This is the first investment in Detroit for CACSFF, an innovative real estate fund that provides much-needed capital to enable operators of best-in-class charter schools to secure permanent, high-quality school facilities. CACSFF has partnered with Lighthouse Academies once before to open North Point Lighthouse Charter School, a pre-K – 4th grade school in Milwaukee, Wisconsin.

“Successful charter schools have the potential to create better educational opportunities for children across the United States. We are committed to increasing the growth of proven academic performers by providing easier access to school facilities and bridging the gap to ownership,” said Bobby Turner, CACSFF Co-Managing Partner and Chairman and CEO of Canyon Capital Realty Advisors. “We are pleased to team up for a second time with Lighthouse Academies, which has an excellent track record of innovation and achievement. We are confident that Southwest Detroit Lighthouse Charter School will deliver terrific results for its new students.”

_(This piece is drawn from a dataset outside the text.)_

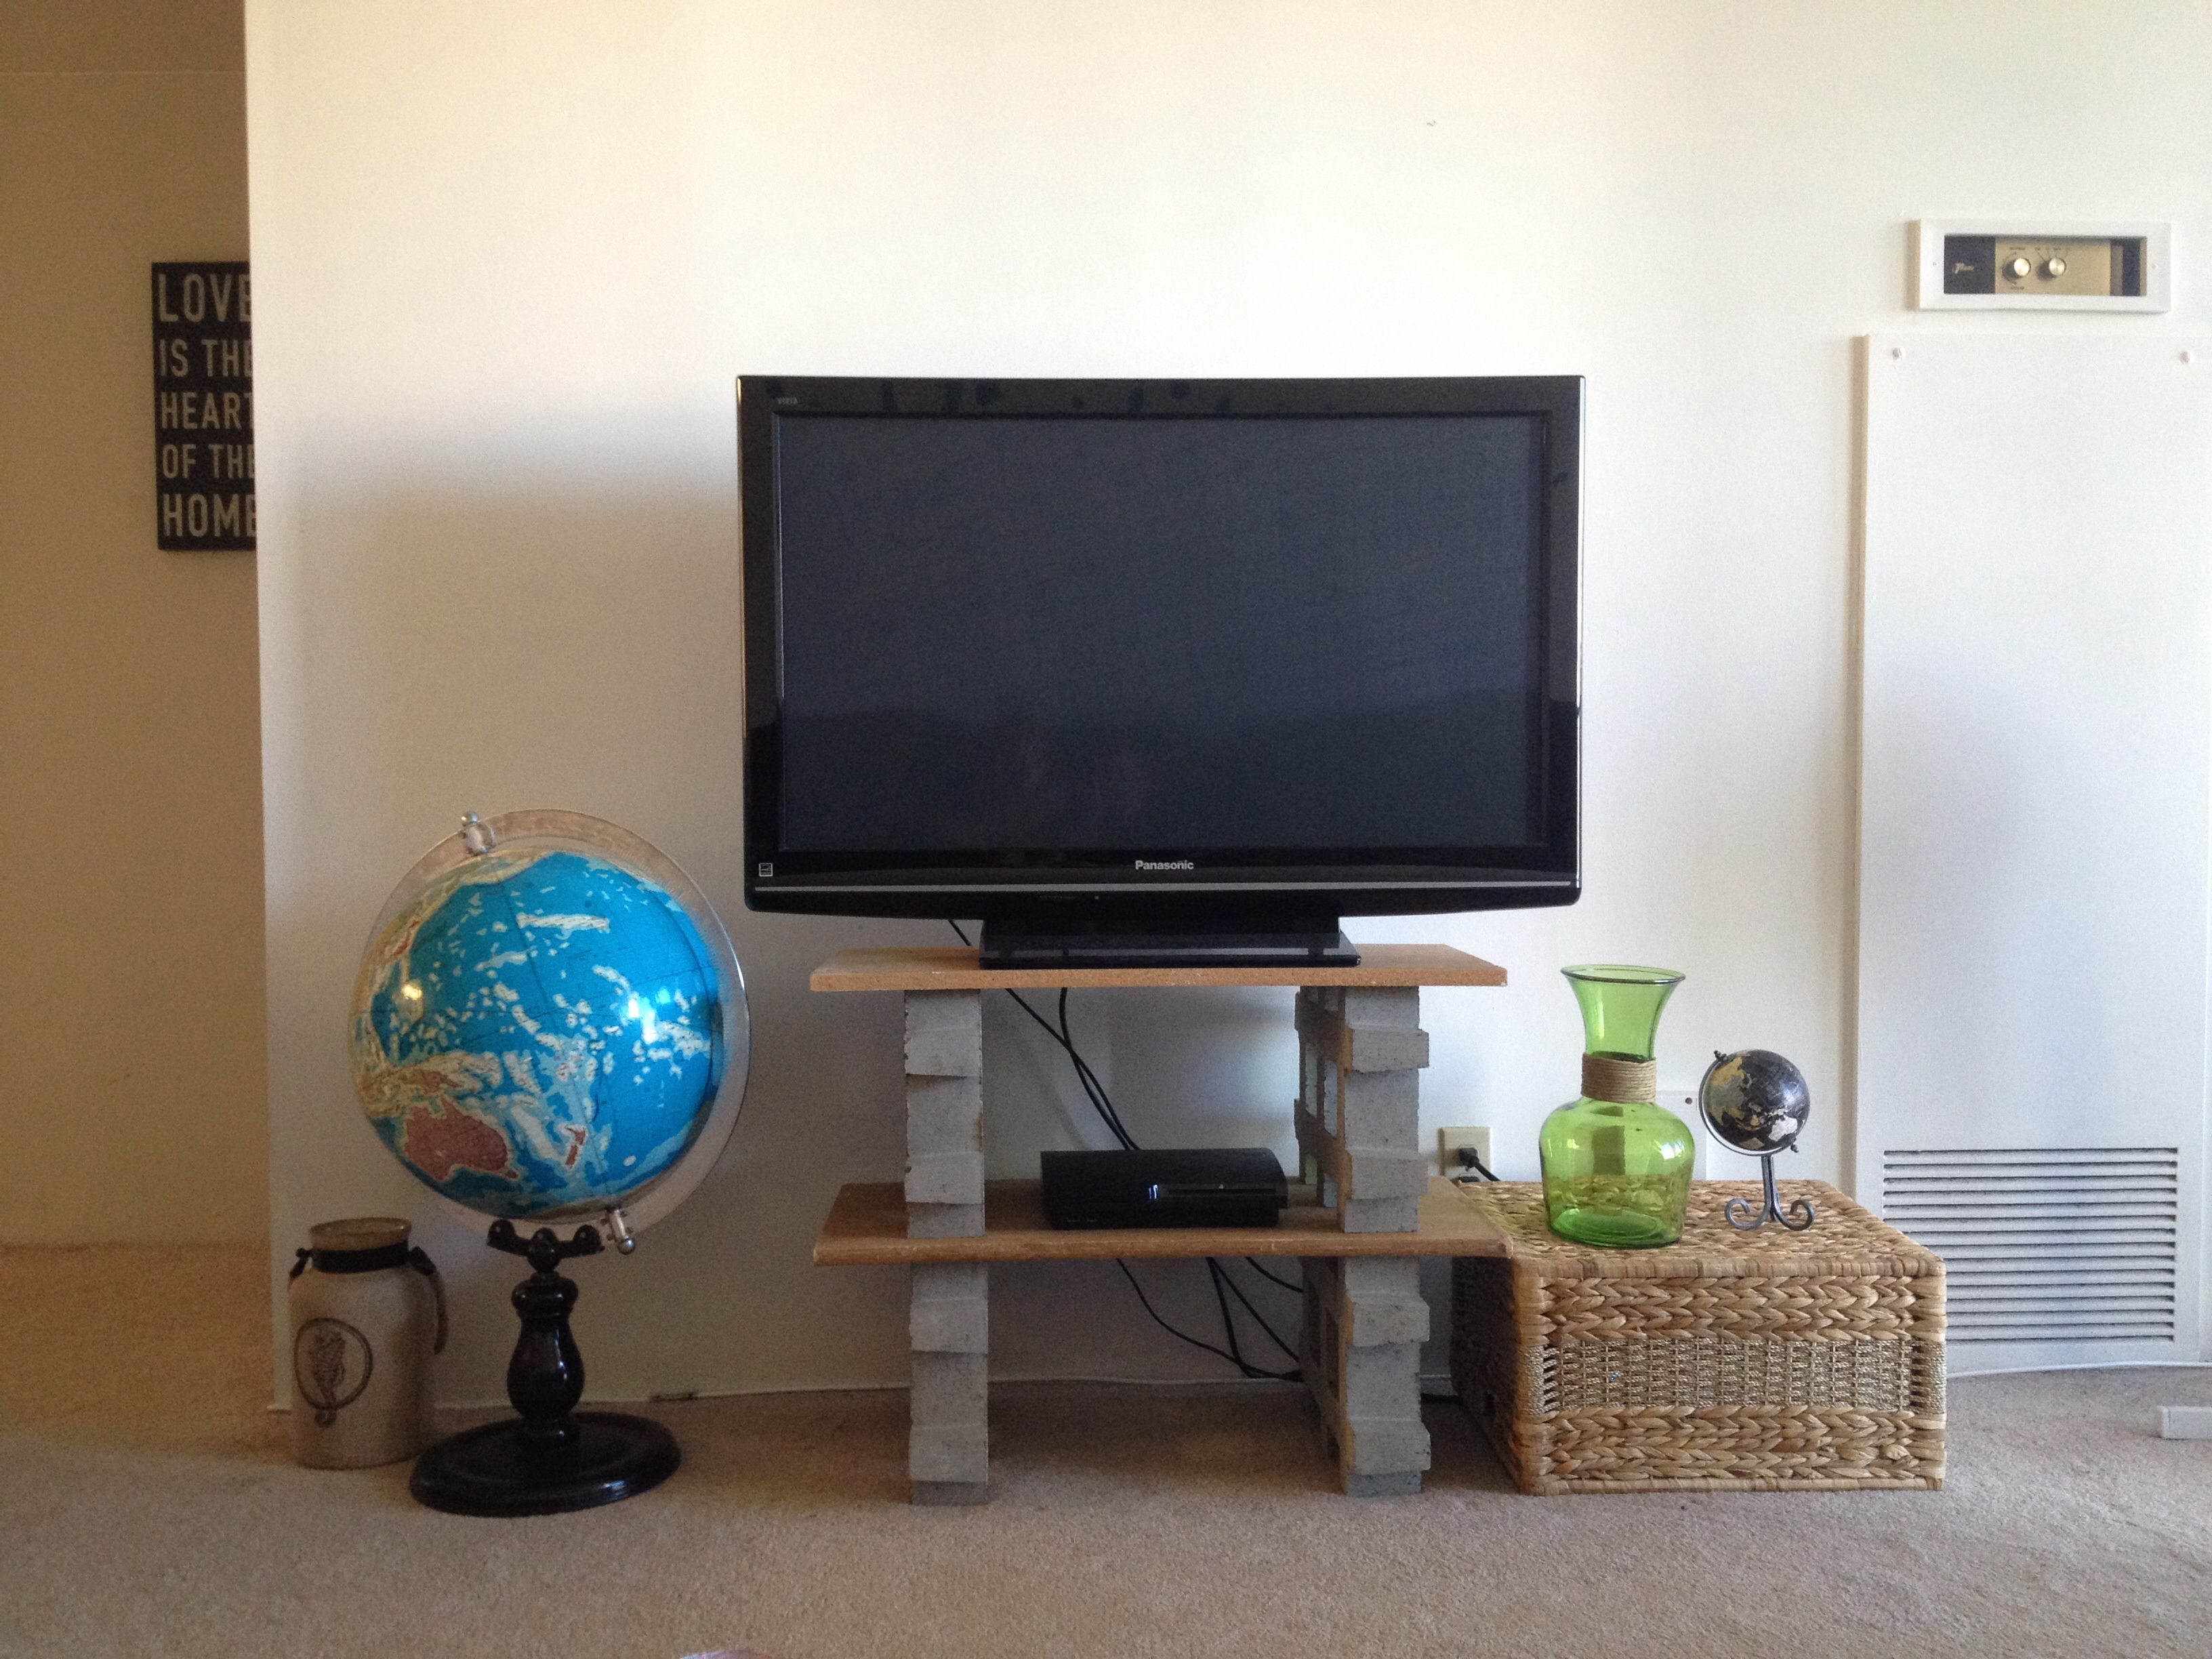 Pinterest Inspired Diy Tv Stand Blocks 4 15 At Home Depot Wood
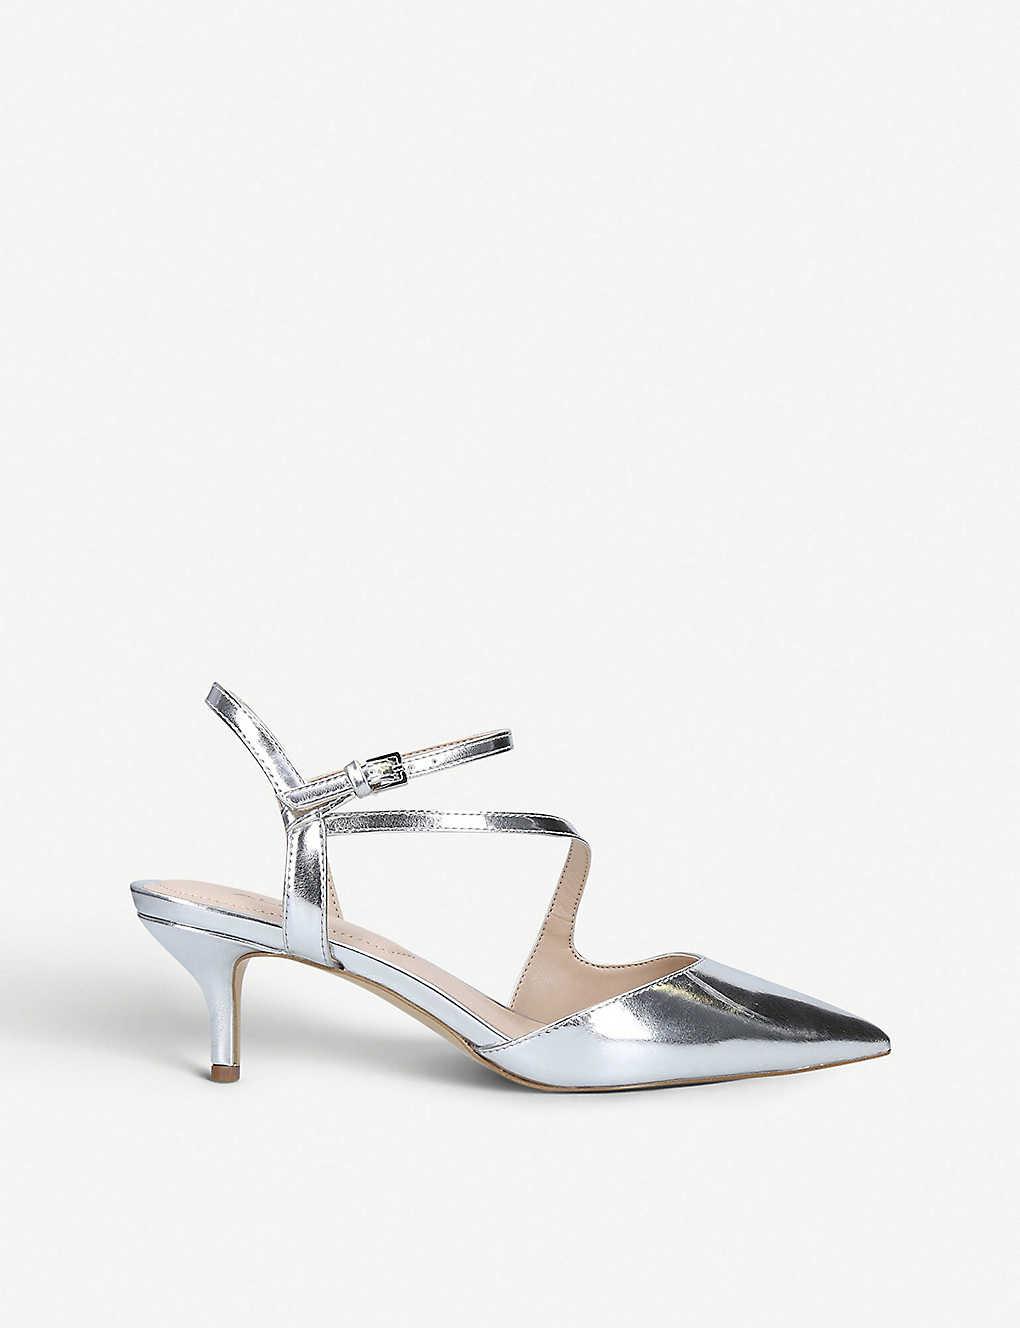 2ddb9c7e96d Caderivia metallic faux-leather kitten heel courts - Silver ...

The only fund of its kind in the United States, CACSFF was created in 2011 as a joint venture between Canyon Capital Realty Advisors (CCRA) and Agassi Ventures (AV) to facilitate the development of school sites in urban communities across the United States. The partnership combines CCRA’s and AV’s substantial resources, development expertise and passion for educational excellence to assist the charter school community in securing academically friendly, environmentally sustainable school facilities for students and teachers. The number of charter schools across the country is continuing to grow year-over-year, and operators routinely cite securing suitable learning facilities as one of their greatest challenges.

“I believe that we must do everything we can to support strong schools in underserved communities. Our goal is to provide top-tier charter school operators with access to great facilities, and let them focus on what they do best: educating children,” said Andre Agassi, CACSFF Co-Managing Partner, CEO of Agassi Ventures and founder of the Andre Agassi College Preparatory Academy. “The Canyon-Agassi Charter School Facilities Fund is enabling charter school operators like Lighthouse Academies to realize their full potential and expand their reach in communities where their expertise is so desperately needed.”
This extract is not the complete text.